** Data section follows **
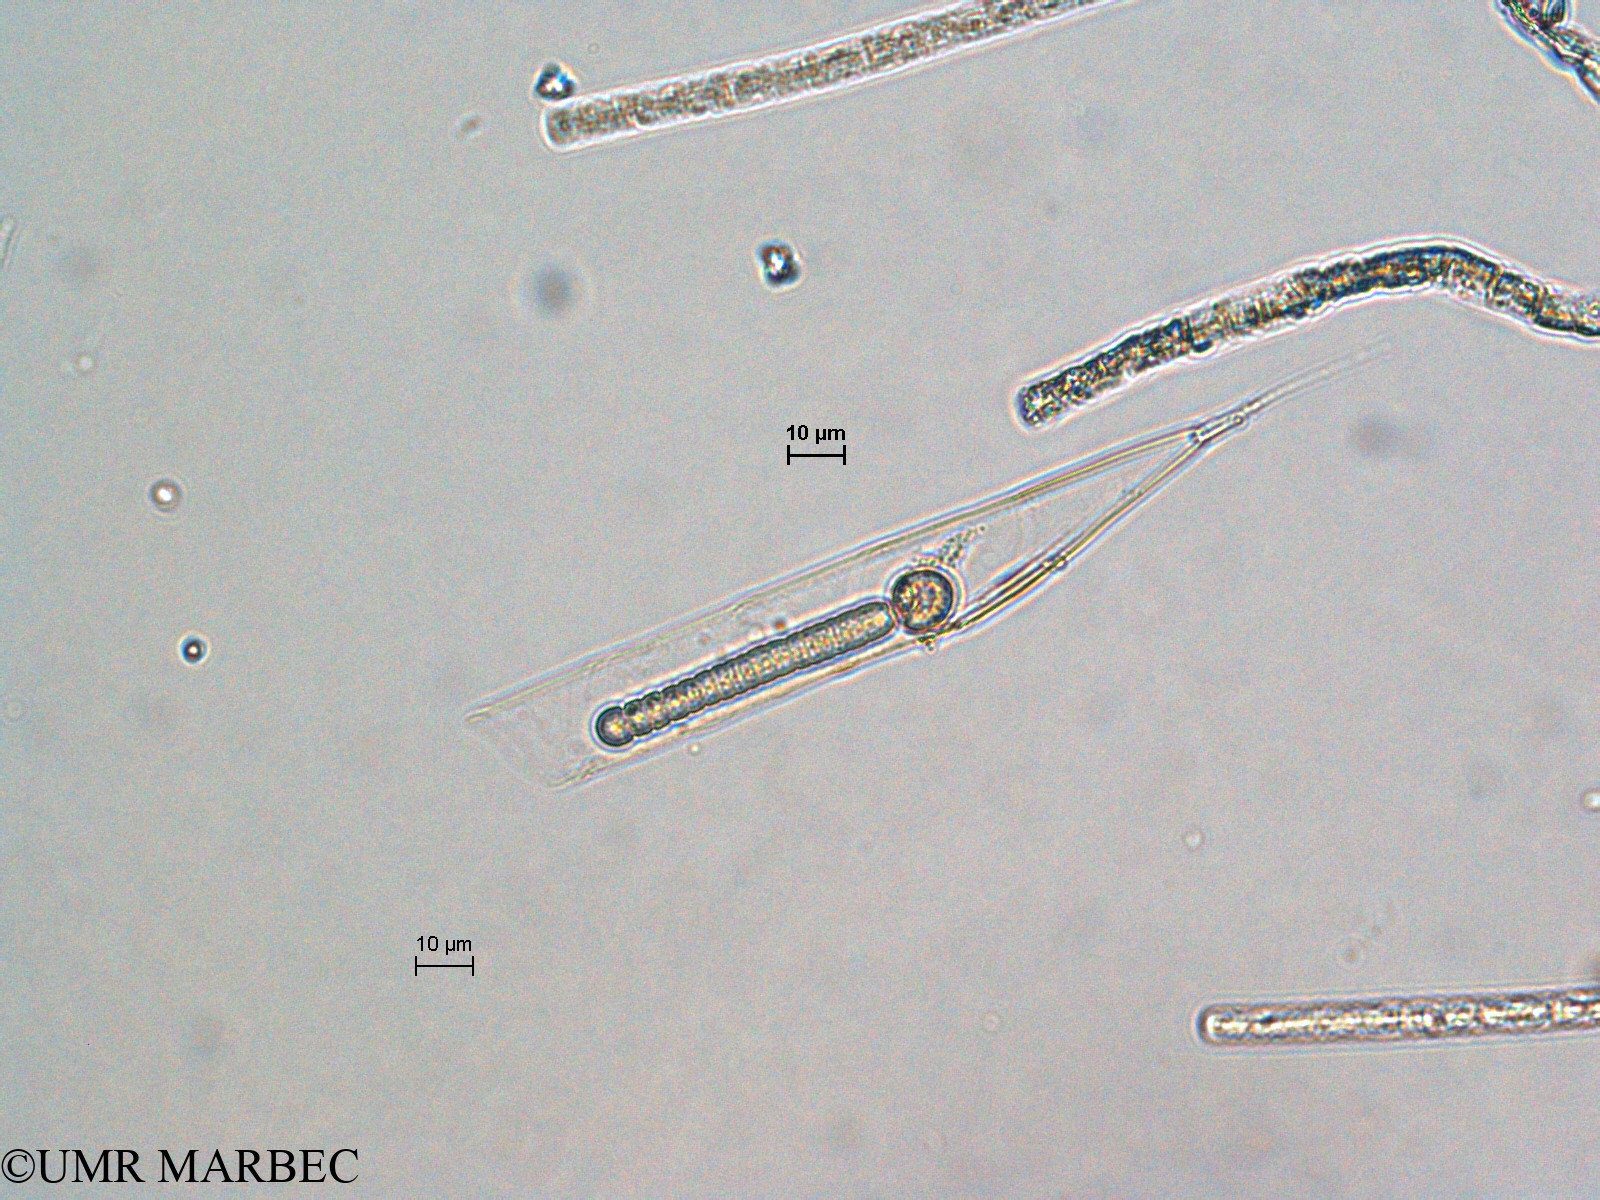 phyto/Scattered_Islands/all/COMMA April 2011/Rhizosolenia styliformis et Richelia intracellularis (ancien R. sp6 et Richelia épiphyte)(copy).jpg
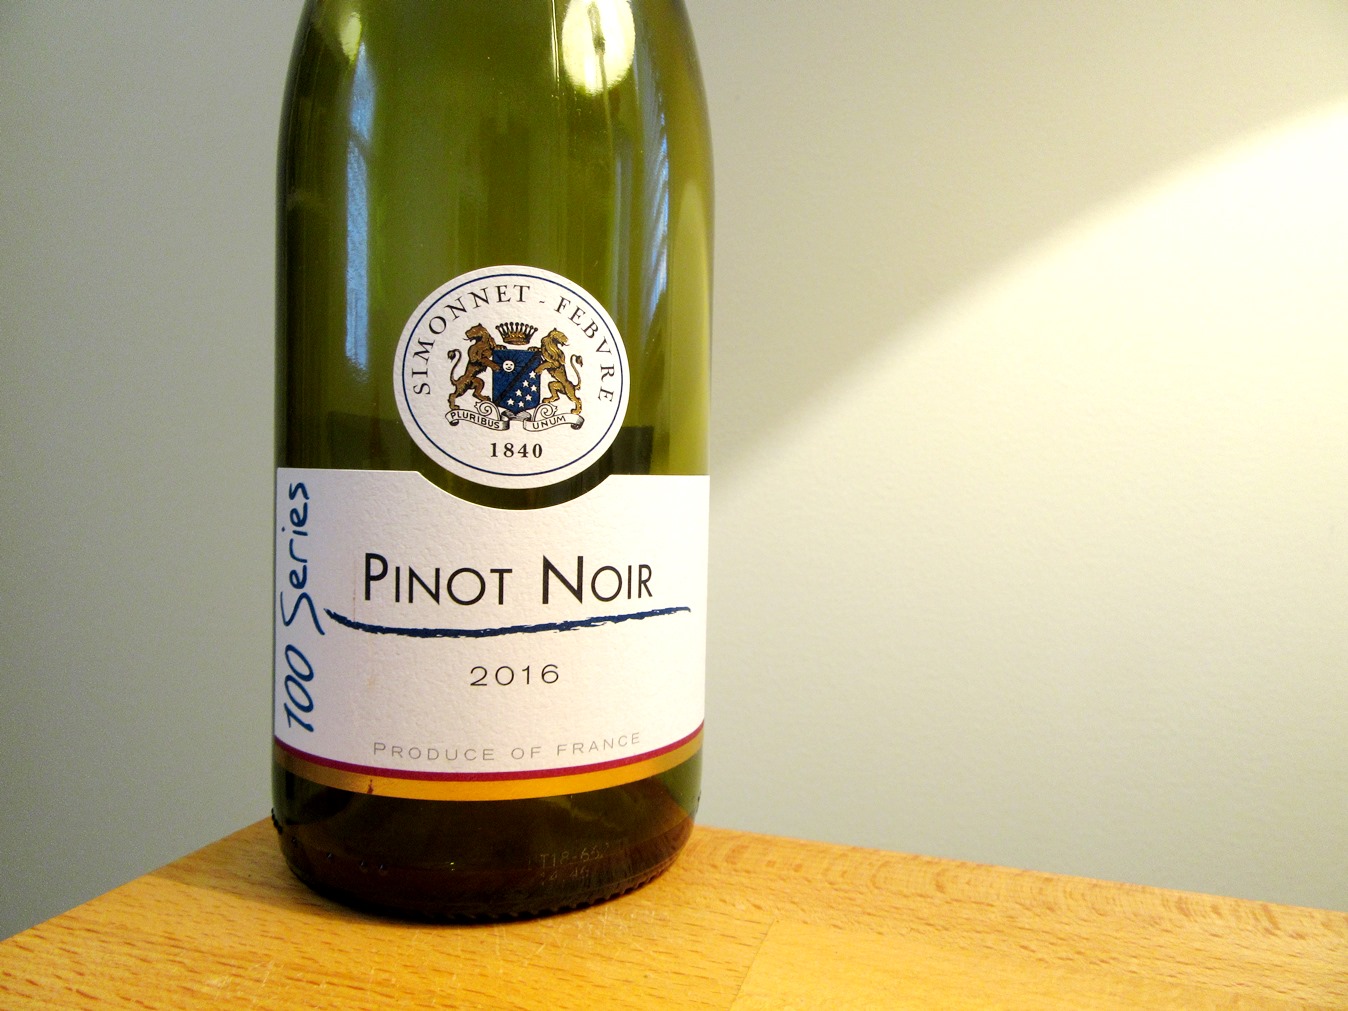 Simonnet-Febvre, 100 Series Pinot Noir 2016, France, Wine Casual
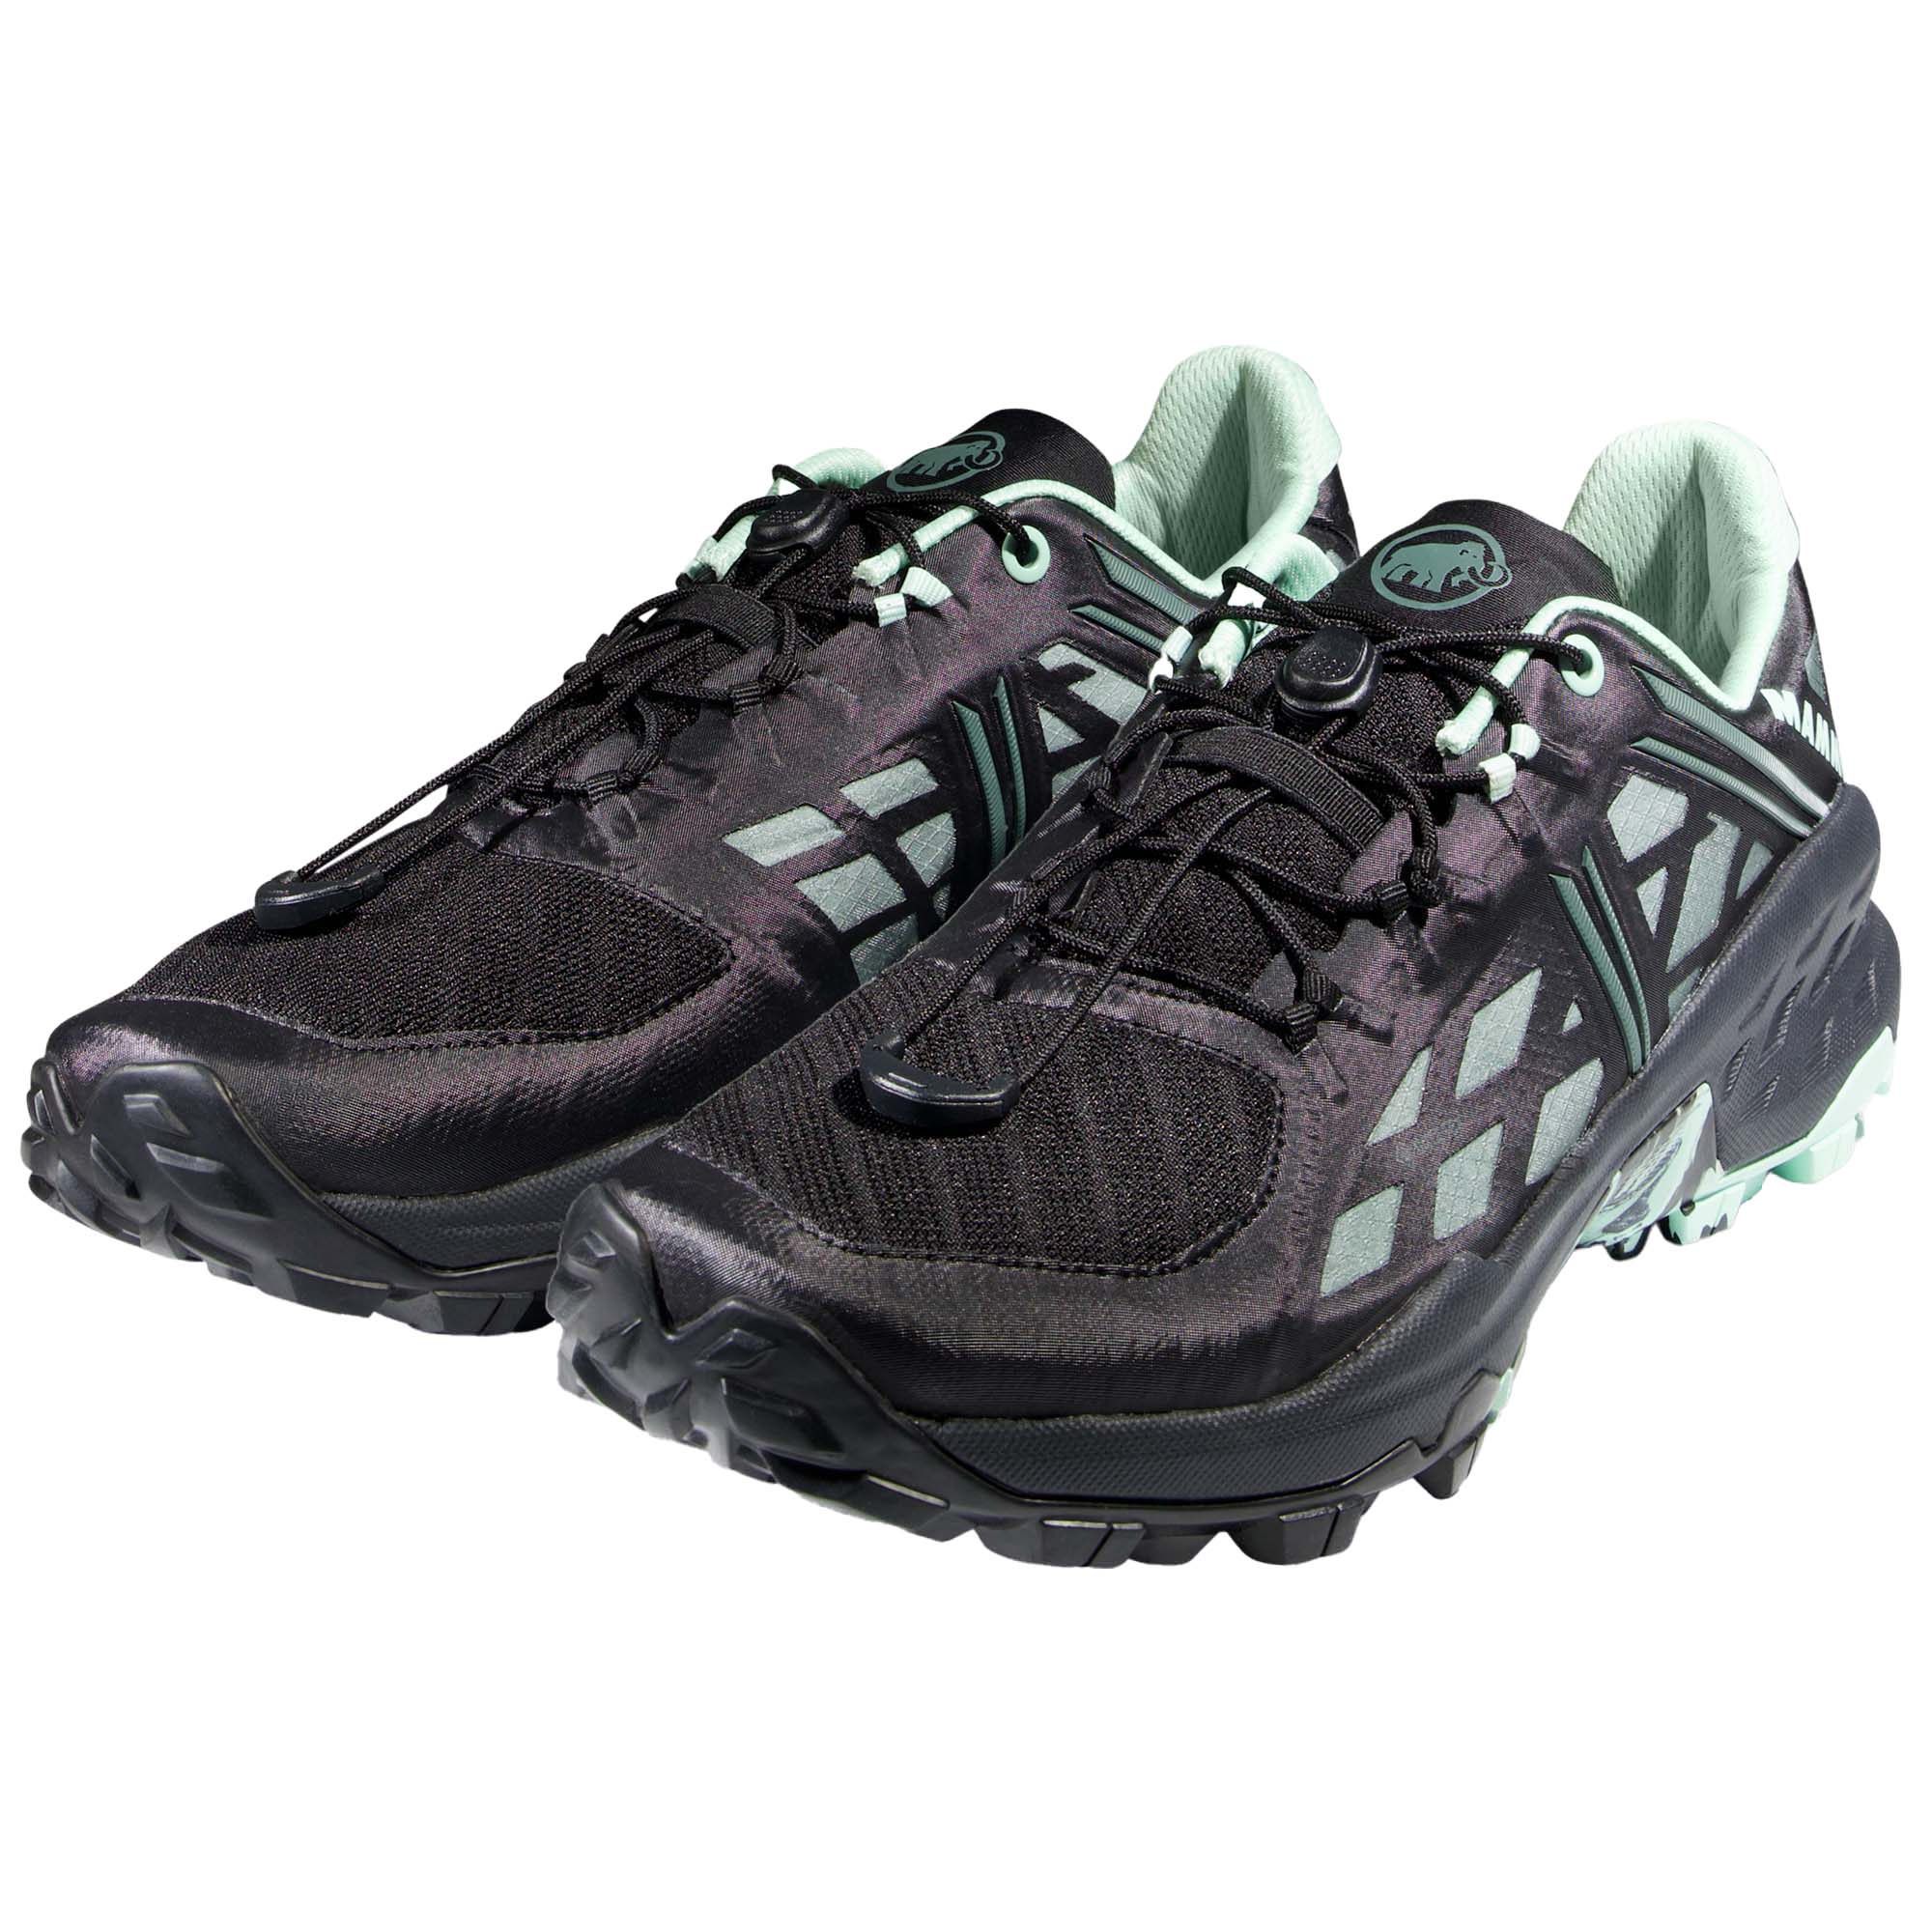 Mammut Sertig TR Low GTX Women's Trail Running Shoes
** End of Data section **
• Work item
When you copy the lines above, drop the pictures and keep everything else exact.

• Solution to this problem
 phyto/Scattered_Islands/all/COMMA April 2011/Rhizosolenia styliformis et Richelia intracellularis (ancien R. sp6 et Richelia épiphyte)(copy).jpg
 Simonnet-Febvre, 100 Series Pinot Noir 2016, France, Wine Casual
 Mammut Sertig TR Low GTX Women's Trail Running Shoes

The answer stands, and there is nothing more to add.